Be specific. Every comment must reference an exact line or block.
Be kind, be direct. Critique the code, not the author. Never soften a critical finding into an "optional" suggestion.
Prioritise ruthlessly. Critical and High findings must be fixed before merging. Medium findings should be addressed. Low findings are optional.
Praise what deserves it. Note genuinely good patterns — it teaches what to do more of.

Severity Scale

Level	Meaning
🔴 Critical	Will cause data loss, security breach, crash in production, or data corruption. Block merge.
🟠 High	Incorrect behaviour, likely bugs, significant security risk. Block merge.
🟡 Medium	Fragile code, maintainability issue, missing test for important case. Should fix.
🟢 Low	Style, naming, minor improvement. Optional.
💡 Suggestion	Alternative approach worth considering. No action required.

Step 1 — Read Everything First

Before commenting on anything:

Read the entire change from top to bottom.
Understand the intent: What is this meant to do?
Identify the critical paths: What would break if this were wrong?
Only then begin the structured review.

Step 2 — Correctness Review

Ask: Does this code do what it claims to do?

[ ] Does the logic handle the happy path correctly?
[ ] Are all edge cases handled?
- Empty collections, null/undefined values, zero, negative numbers
- First and last element of a list
- Single-element collections
- Maximum and minimum allowed values
[ ] Are all error paths handled explicitly (not swallowed silently)?
[ ] Are there off-by-one errors in loops or index calculations?
[ ] Are concurrent operations safe? (If two requests run simultaneously, does this break?)
[ ] Are there any implicit assumptions about ordering that may not hold?

Step 3 — Security Review

Ask: Can this be exploited?

[ ] Is every user-supplied input validated before use?
[ ] Are all database queries parameterised (no string concatenation)?
[ ] Is output HTML-escaped before rendering?
[ ] Are file paths sanitised against directory traversal (../)?
[ ] Are authorisation checks present on every operation that modifies sensitive data?
[ ] Are secrets or credentials anywhere in the code or commits?
[ ] Are HTTP requests to external URLs validated against an allowlist?
[ ] Could this code be used to enumerate user accounts or trigger excessive resource use?

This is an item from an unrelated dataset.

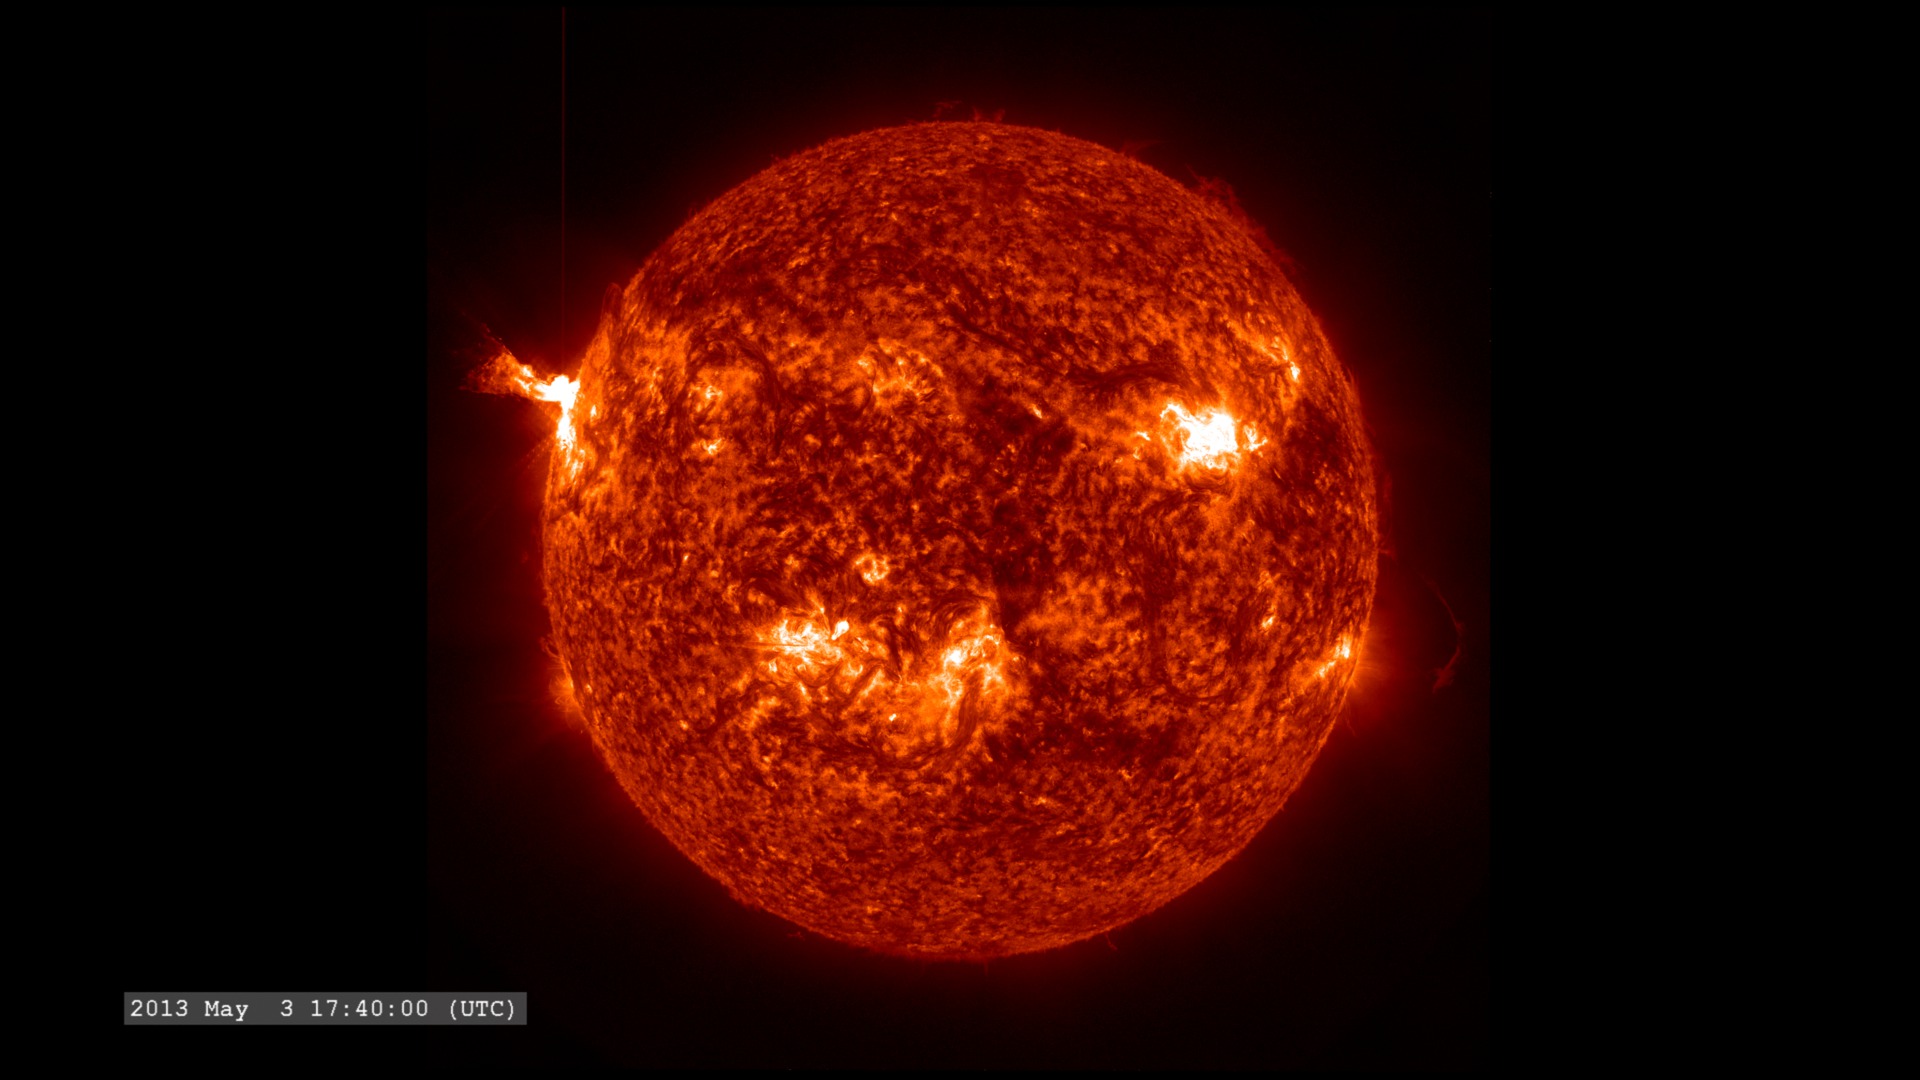 In the 30.4nm wavelength of the helium ion, we can see both the flare, as well as some of the ejected solar material.

Step 4 — Performance Review

Ask: Will this be acceptable under realistic load?

[ ] Are there N+1 query patterns? (Loop that runs a query per item)
[ ] Are there unbounded queries? (No LIMIT, no pagination)
[ ] Are there synchronous operations that should be async? (Email, PDF generation)
[ ] Is expensive computation cached where appropriate?
[ ] Are there unnecessary repeated operations that could be computed once?
[ ] Does this hold locks or transactions longer than necessary?

Step 5 — Design and Maintainability Review

Ask: Will the next developer understand this in six months?

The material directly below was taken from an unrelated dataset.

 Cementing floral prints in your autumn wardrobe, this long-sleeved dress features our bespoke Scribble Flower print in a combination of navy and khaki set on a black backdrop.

[ ] Is each function doing exactly one thing?
[ ] Is the code at the right level of abstraction? (Neither too clever nor too verbose)
[ ] Are complex business rules documented with a comment explaining the "why"?
[ ] Is there duplication that should be extracted into a shared function?
[ ] Are names clear and precise? (getUserData() vs fetchActiveUsersByRegion())
[ ] Is error handling consistent with the rest of the codebase?
[ ] Are any magic numbers or strings replaced with named constants?
[ ] Does this introduce circular dependencies or tangled module relationships?

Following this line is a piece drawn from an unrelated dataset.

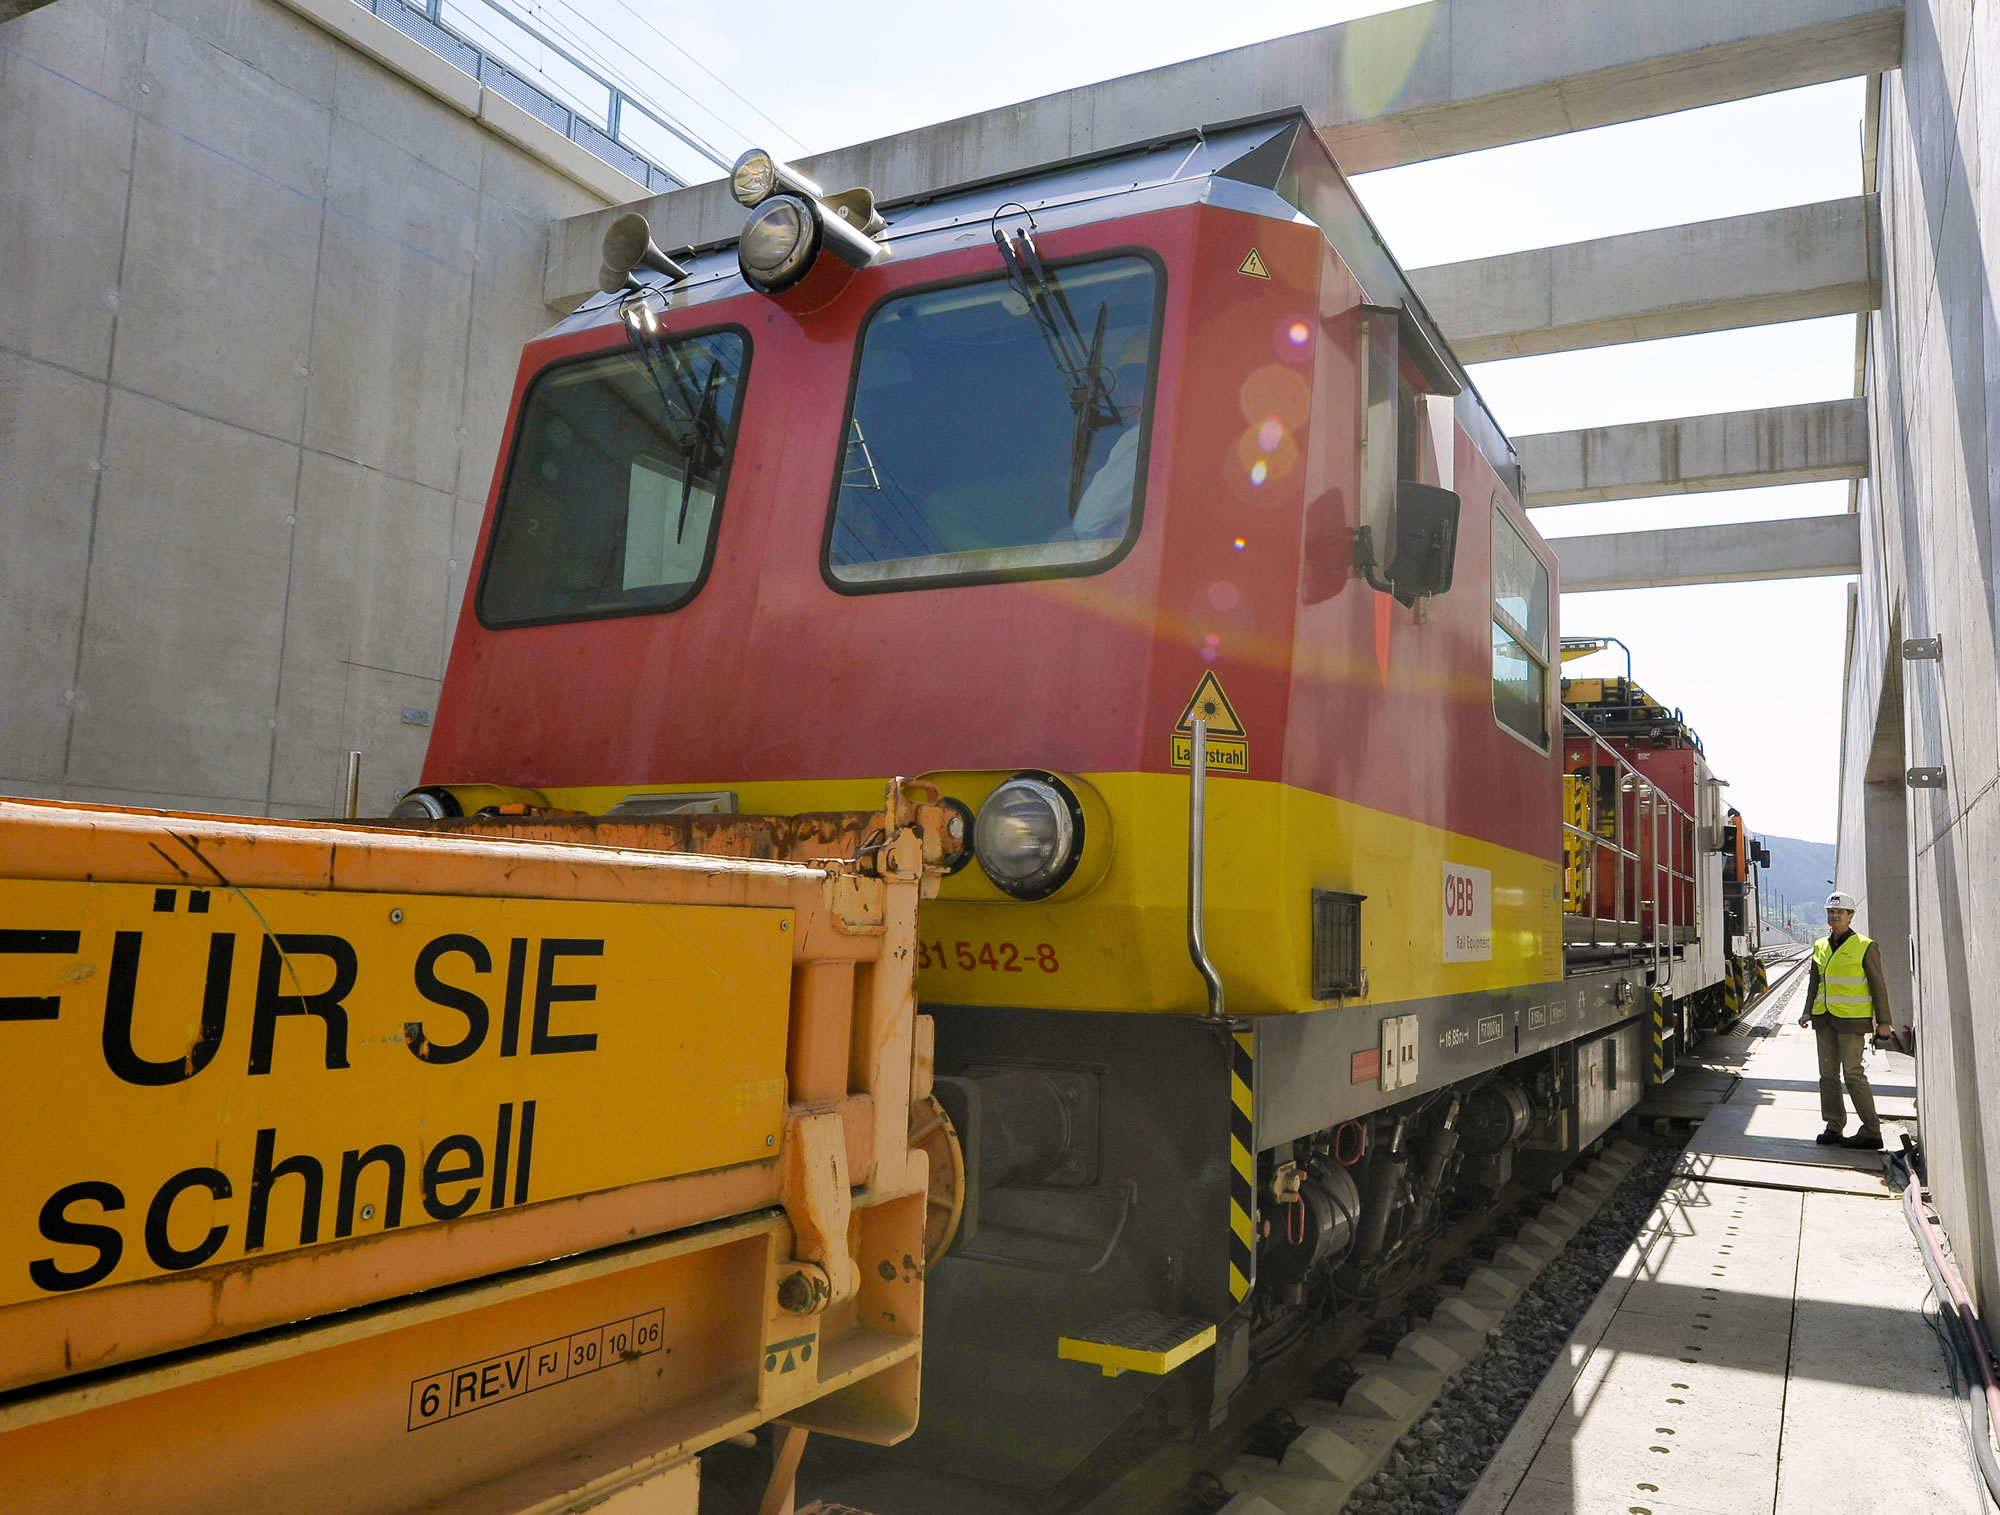 Close-up of a locomotive with a construction worker in safety equipment standing on the right-side platform, overseeing the locomotive.

Step 6 — Test Coverage Review

Ask: How would we know if this broke?

[ ] Is there at least one test per significant code path?
[ ] Are error/failure paths tested (not just the happy path)?
[ ] Do the tests verify behaviour or just cover lines?
[ ] Are tests independent (no reliance on execution order or shared mutable state)?
[ ] Would any test catch a regression if this code was deleted and replaced with a no-op?

Output Format

Structure the review as follows:

## Summary
[2-3 sentences: overall impression, must-fix issues count, recommendation: APPROVE / REQUEST CHANGES / NEEDS DISCUSSION]

## Critical Findings
### [C-01] Title
**Severity:** 🔴 Critical
**Location:** `filename.ext:line_number`
**Issue:** [What is wrong]
**Risk:** [What happens if not fixed]
**Fix:** [Specific change to make]

## High Findings
[Same format]

## Medium Findings
[Same format — can group minor items]

## Low / Suggestions
[Lighter format: location → issue → suggestion]

## What's Done Well
[Specific patterns or decisions worth noting]

After the review, output a final one-line verdict:

VERDICT: APPROVE | REQUEST CHANGES | NEEDS DISCUSSION